看a的第一行，input处index=1，对应取出weight中index=1的值，即按index取词向量！

Vanilla RNN

RNN

bs = 20
vocab_size =10000

class three_layer_recurrent_net(nn.Module):
	def __init__(self, hidden_size):
        super(three_layer_recurrent_net, self).__init__()
			self.layer1 = nn.Embedding( vocab_size  , hidden_size )
			self.layer2 = nn.RNN(       hidden_size , hidden_size )
			self.layer3 = nn.Linear(    hidden_size , vocab_size  )
		
        def forward(self, word_seq, h_init ):
			g_seq = self.layer1( word_seq ) 
			h_seq , h_final  =  self.layer2( g_seq , h_init )
			score_seq = self.layer3( h_seq )
			return score_seq, h_final

nn.RNN(input_size, hidden_size, num_layers=1, nonlinearity=tanh, bias=True, batch_first=False, dropout=0, bidirectional=False)

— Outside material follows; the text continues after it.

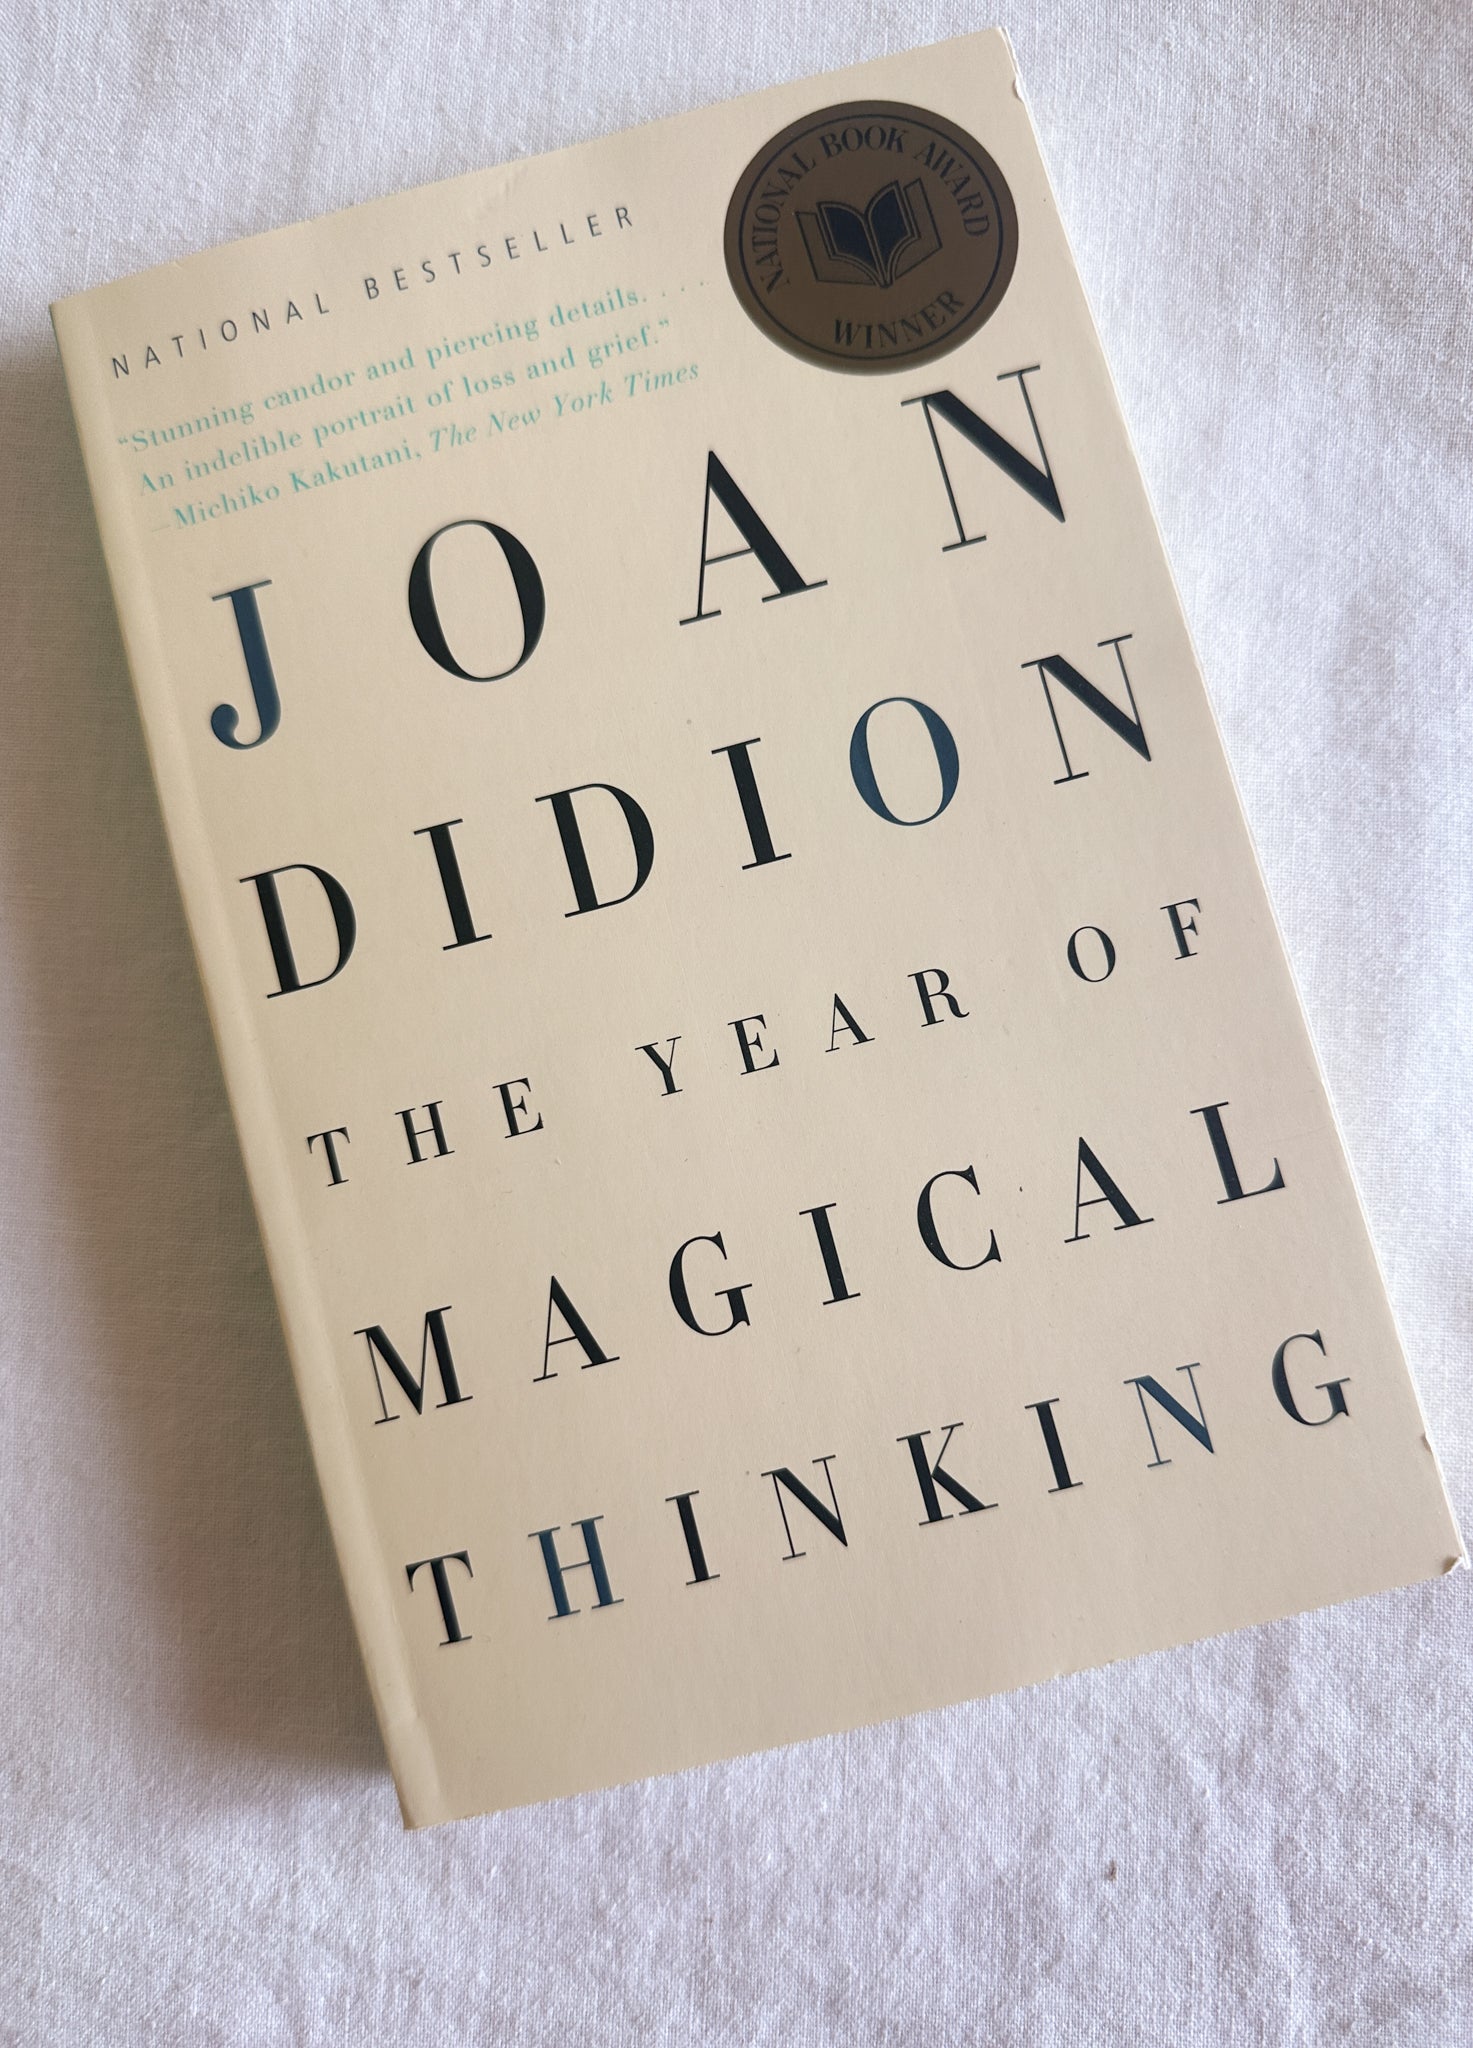 The Year of Magical Thinking Joan Didion

input_size输入特征的维度，一般rnn中输入的是词向量，那么 input_size 就等于一个词向量的维度（nn.Embedding()里定义了词向量维度）,或词向量的feature。

hidden_size隐藏层神经元个数，或者也叫输出的维度（因为rnn输出为各个时间步上的隐藏状态），可以不等于input_size，网络中会自动进行升降维度。

num_layers: Number of recurrent layers. Setting num_layers=2 would mean stacking two RNNs together to form a stacked RNN, with the second RNN taking in outputs of the first RNN and computing the final results. Default: 1

nonlinearity激活函数，只能用relu或tanh（默认）

bias是否使用偏置

batch_first输入数据的形式

dropout是否在每个recurrent layer(RNN layer)后应用dropout（除最后一层）,默认不使用，如若使用将其设置成一个0-1的数字即可

birdirectional是否使用双向的 rnn，默认是 False，双向RNN对输入输出维度会有影响

# 输入

input_shape为[seq_length, batch_size, hidden_size]

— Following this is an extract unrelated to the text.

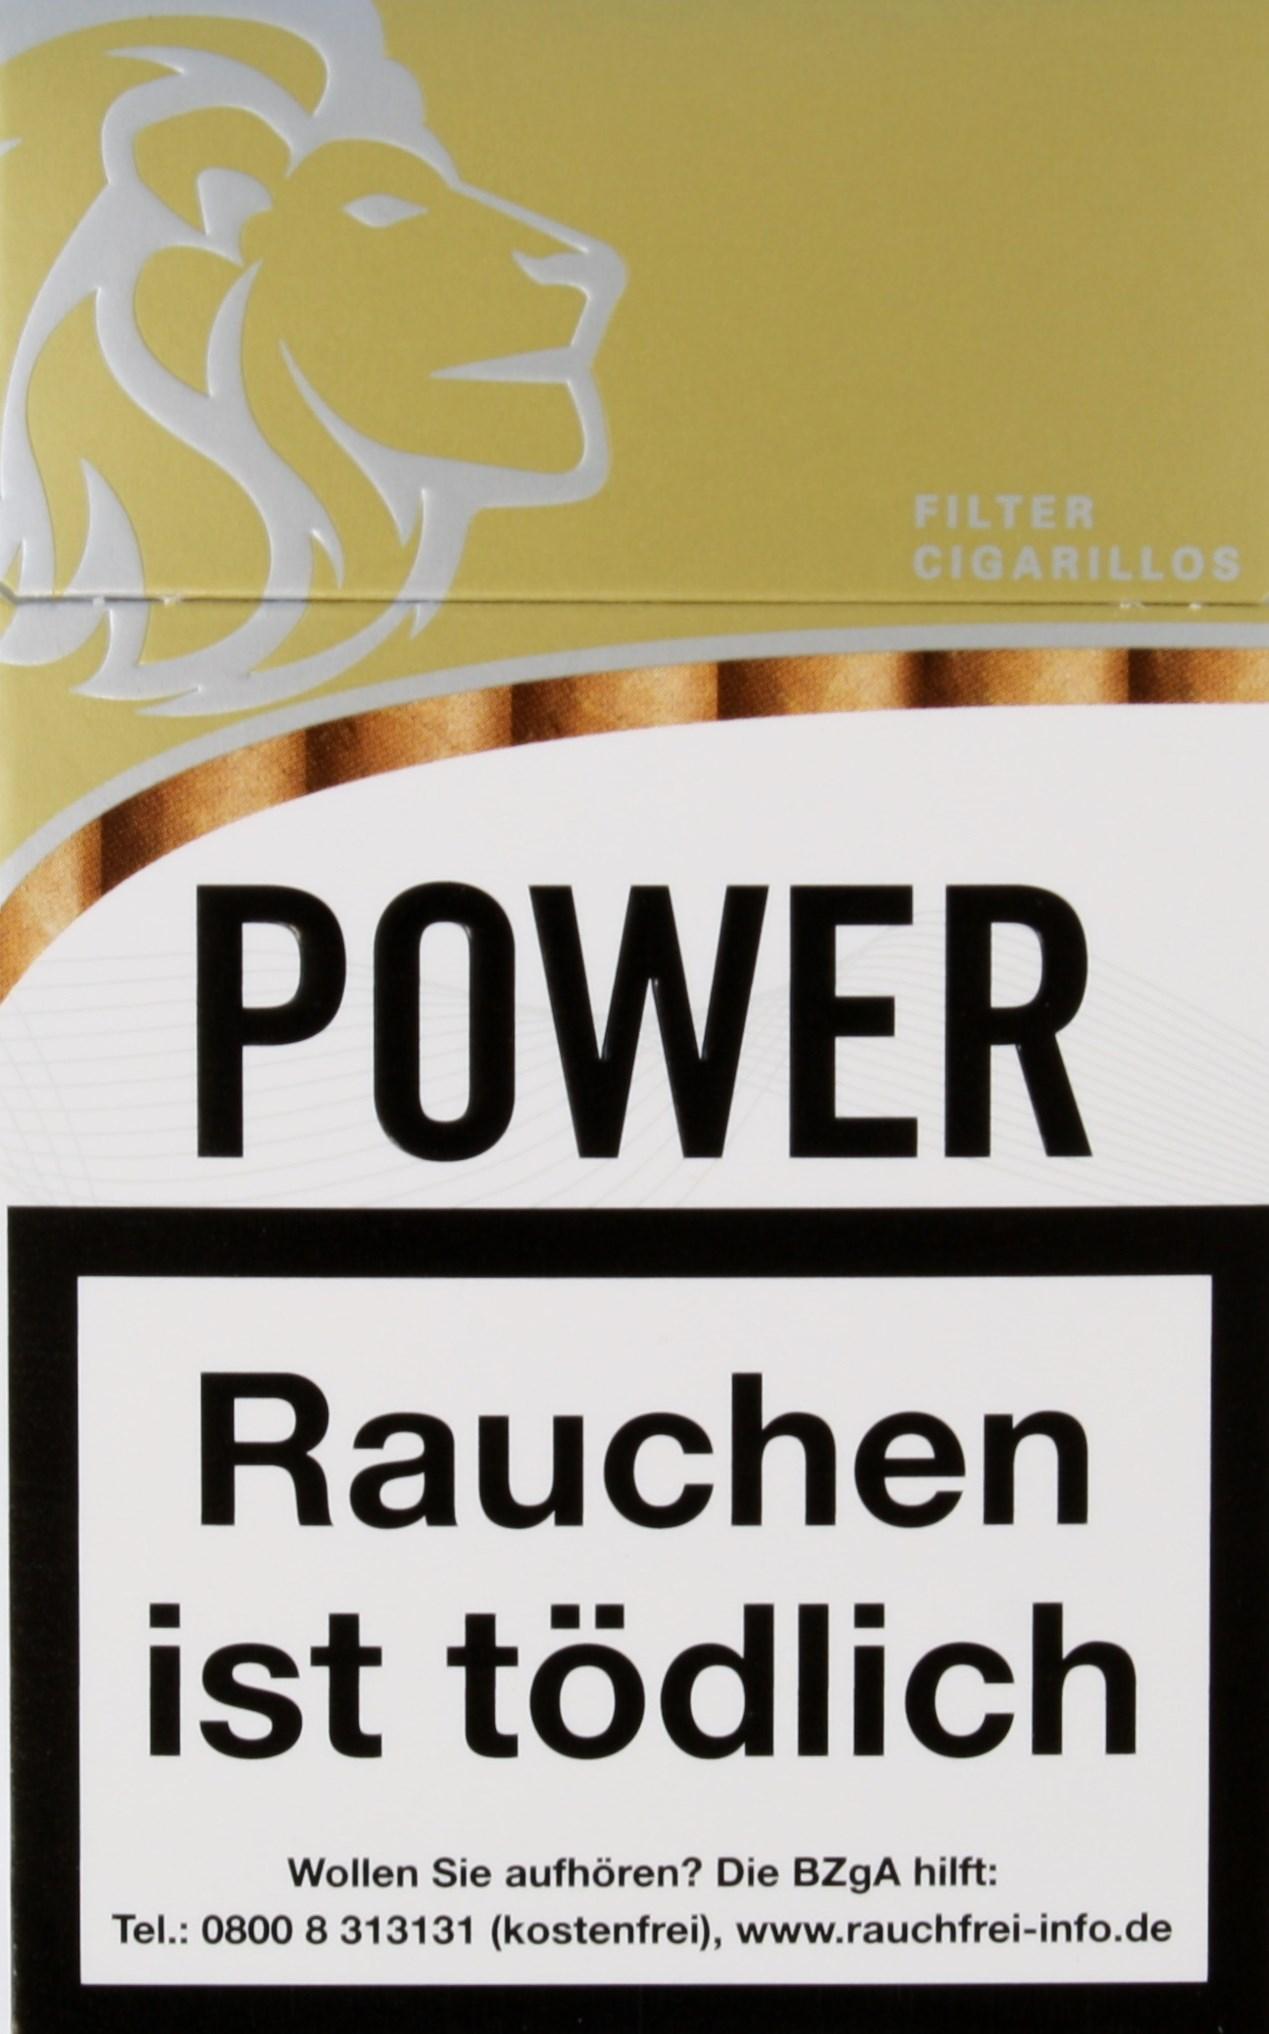 Power Gold Filter Zigarillos 1 Packung

在例子里，g_seq是size为[word_seq, hidden_size]的张量，或者可以写成[seq_length, batch_size, hidden_size]

h_init的shape为[num_layers, batch_size, hidden_size]

# 输出

在前向计算后会分别返回输出output和隐藏状态h_n。其中输出指的是隐藏层在各个时间步上计算并输出的隐藏状态，它们通常作为后续输出层的输⼊。需要强调的是，该“输出”本身并不涉及输出层计算，size为[seq_length, batch_size, hidden_size]；隐藏状态指的是隐藏层在最后时间步的隐藏状态：当隐藏层有多层时，每⼀层的隐藏状态都会记录在该变量中，隐藏状态h的size为[num_layers, batch_size, hidden_size]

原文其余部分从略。